Friday, May 10, 2013

Church History: Proto-Reformers

I just finished reading the penultimate chapter of the fourth Harry Potter book.  In that series, there is a major threat named Voldemort.  Most of the characters oppose him, but they vastly disagree on how to deal with him.  Some are so stubborn to accept his return that they paint both Harry and Dumbledore to be senile or attention-seeking.

In the 1200s, sects outside of the Church started to form.  All true Christians oppose heresy and the devil.  However, we do not all agree on how to react to it or which people are the good guys.  It makes people in higher powers go to extremes in cutting off a nose to spite a face.

The Cathari or Albigenses were the first major zit to crop up on the face of the HRE.  Their one defense: they did not accept that the Pope was the vicar of Christ.  He was just a steward.  They also wanted to go back to the New Testament Church.  Sadly, they were also Gnostics.  They believed in the good good and the bad god.  The bad god created matter, and all matter is evil.  They opposed reproduction, sacraments (especially Mass), hell, and a physical resurrection.  Their only salvation was for this world.  Their religion was pointless.

Then, there are people I side with: the Waldensians.  In 1176, Peter Waldo read the New Testament, was captivated by Christ, and gave up all his property except enough to feed his family.  His followers called themselves the "poor men."  They would try to preach in the streets in non-Latin and promoted a Bible for all people in their own languages, the same Bible that should be the final authority in faith and life.  In 1184, they were excommunicated.  They still continued to preach in the vernacular languages and they still exist in Northern Italy.  I agree with the theology of these guys.  People no longer spoke Latin, and the Church clung to it the same way people will cling to the KJV today.  The people were perishing for lack of the life-giving Scriptures that make people alive to the Gospel.

I do not really agree with starting a movement outside the Church, but working within the Church to solve its issues.  I don't believe in people being preachers without Church training.  I'd agree with these guys on theology and social issues, but I would disagree with them on their methods of communication.
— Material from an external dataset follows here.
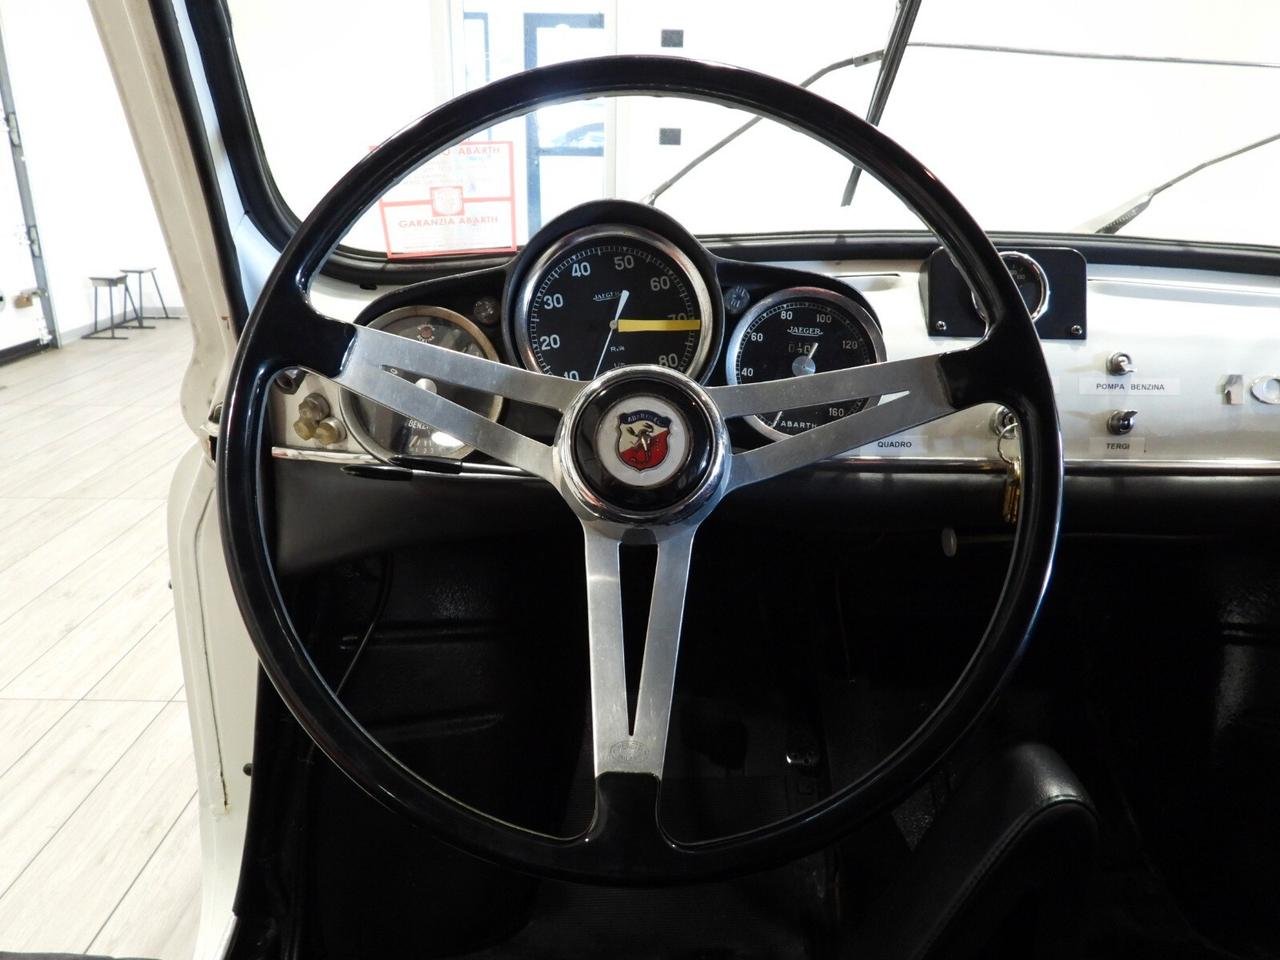 ABARTH FIAT 1000 TC (1963)

Lastly, some nut named Joachim developed a bizarre eschatology.  God the Father was important in Old Testament times.  The Son was important from the New Testament until 1260.  After 1260, there will be a time of antichrist, and then a new era will arrive with the Holy Spirit and an age of love.  I'll sooner go with dispensational theology than divide the Trinity like that and place a date on end-times when Jesus didn't even give one.
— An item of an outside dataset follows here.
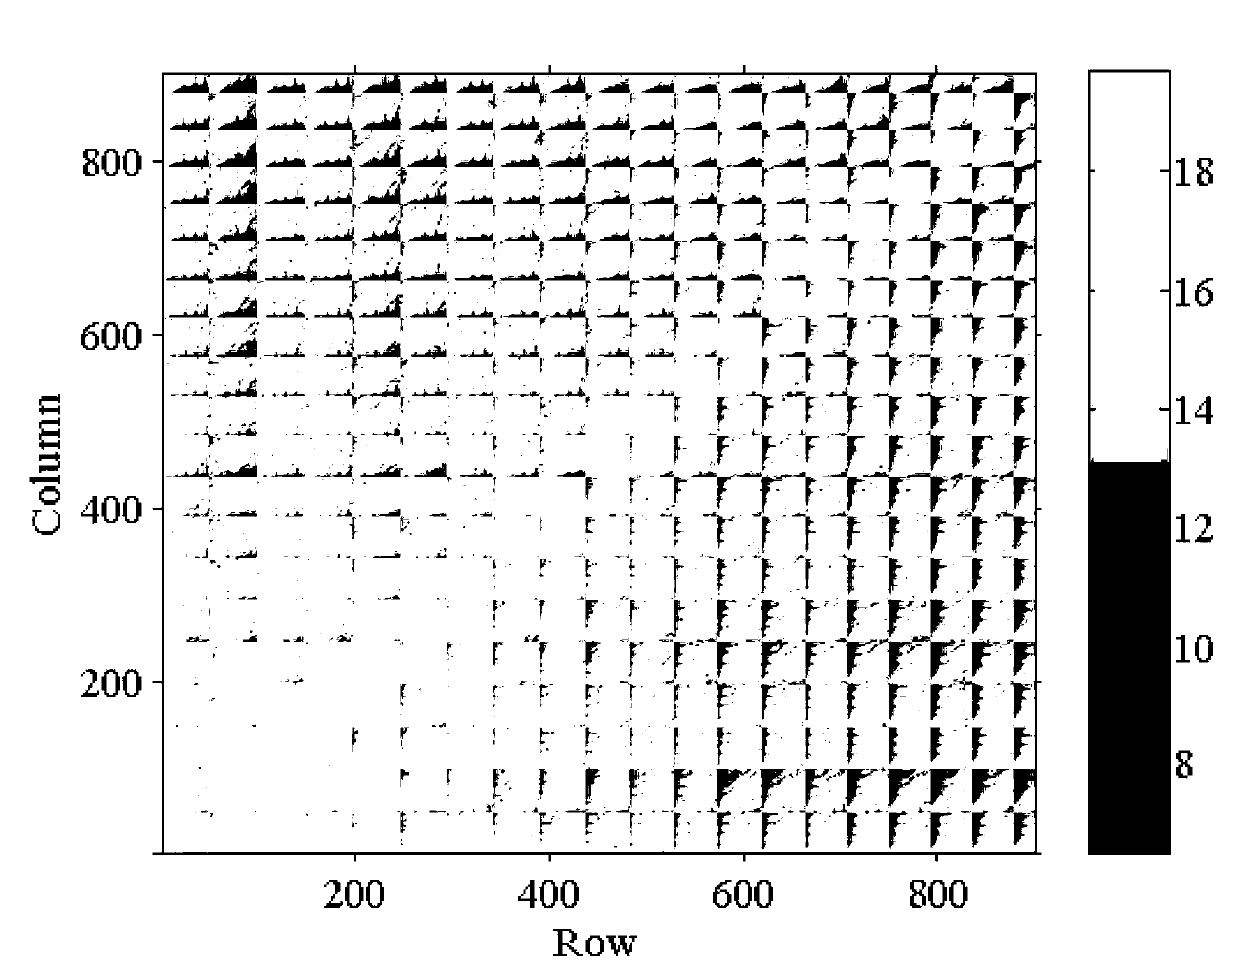 Satellite gravity gradient retrieval method based on filtering principle

The Church reacted in various ways.  True believers in the Dominican Friars tried to reach out to the Cathari.  Other folks went extreme and began to exterminate the Albigensians.  The Inquisition developed, and now one could not remotely disagree with the Pope without fearing for their lives.  Worst of all, the Synod of Toulous in 1229 forbid the Bible in the vernacular languages.  Now, the people had to endure the Gospel shrouded in Latin, and they had to accept everything the priests said unchecked and fell into error.  The good news is that forbidding books causes them to be popular.  So this only started a ripple of what would later become the Reformation.